Black hole shadow and acceleration bounds for spherically symmetric spacetimes

TL;DR

This paper investigates the relationship between black hole shadow parameters and acceleration bounds for radial uniformly accelerated trajectories in various static spherically symmetric black hole spacetimes, revealing universal relations.

Contribution

It establishes explicit connections between black hole shadow features and acceleration bounds, valid across multiple gravity theories and spacetime geometries.

Findings

Photon sphere radius equals the bound on closest approach distance.

Shadow radius equals the inverse of the acceleration bound.

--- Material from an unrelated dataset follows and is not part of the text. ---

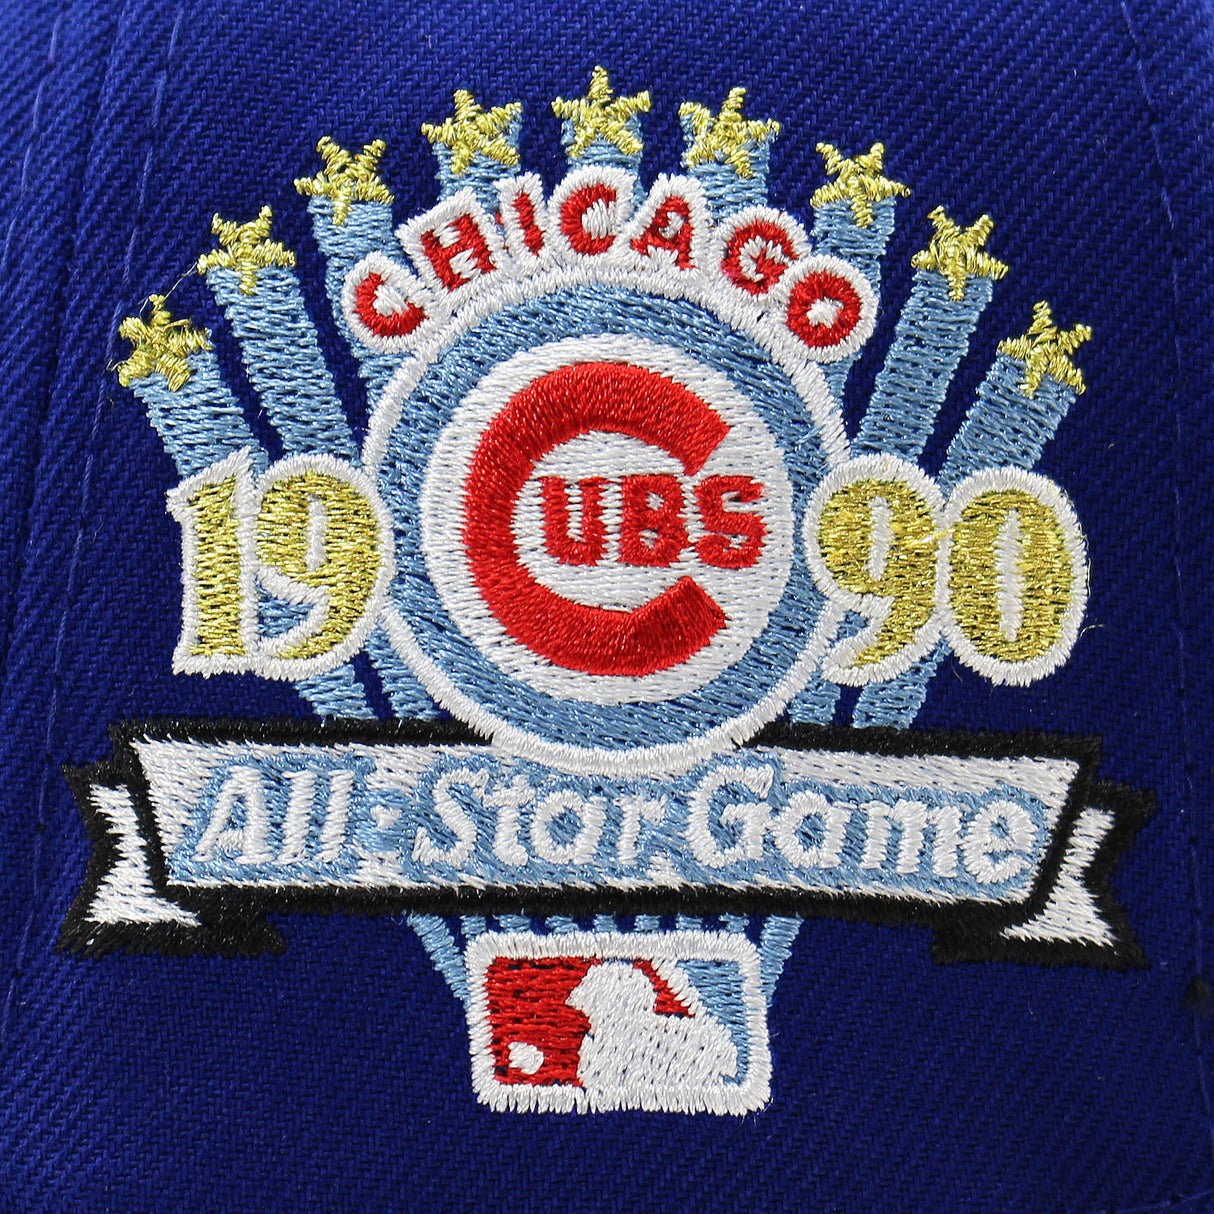 ニューエラ キャップ 59FIFTY シカゴ カブス MLB 1990 ALL STAR GAME SKY BLUE BOTTOM FITTED CAP BLUE NEW ERA CHICAGO CUBS

Relations hold universally in different gravity theories for Schwarzschild-type black holes.

Abstract

We explore an interesting connection between black hole shadow parameters and the acceleration bounds for radial linear uniformly accelerated (LUA) trajectories in static spherically symmetric black hole spacetime geometries of the Schwarzschild type. For an incoming radial LUA trajectory to escape back to infinity, there exists a bound on its magnitude of acceleration and the distance of closest approach from the event horizon of the black hole. We calculate these bounds and the shadow parameters, namely the photon sphere radius and the shadow radius, explicitly for specific black hole solutions in $d$-dimensional Einstein's theory of gravity, in pure Lovelock theory of gravity and in the $\mathcal{F}(R)$ theory of gravity. We find that for a particular boundary data, the photon sphere radius $r_{ph}$ is equal to the bound on radius of closest approach $r_b$ of the incoming radial LUA trajectory while the shadow radius $r_{sh}$ is equal to the inverse magnitude of the acceleration bound $|a|_b$ for the LUA trajectory to turn back to infinity. Using the effective potential technique, we further show that the same relations are valid in any theory of gravity for static spherically symmetric black hole geometries of the Schwarzschild type. Investigating the trajectories in a more general class of static spherically symmetric black hole spacetimes, we find that the two relations are valid separately for two different choices of boundary data.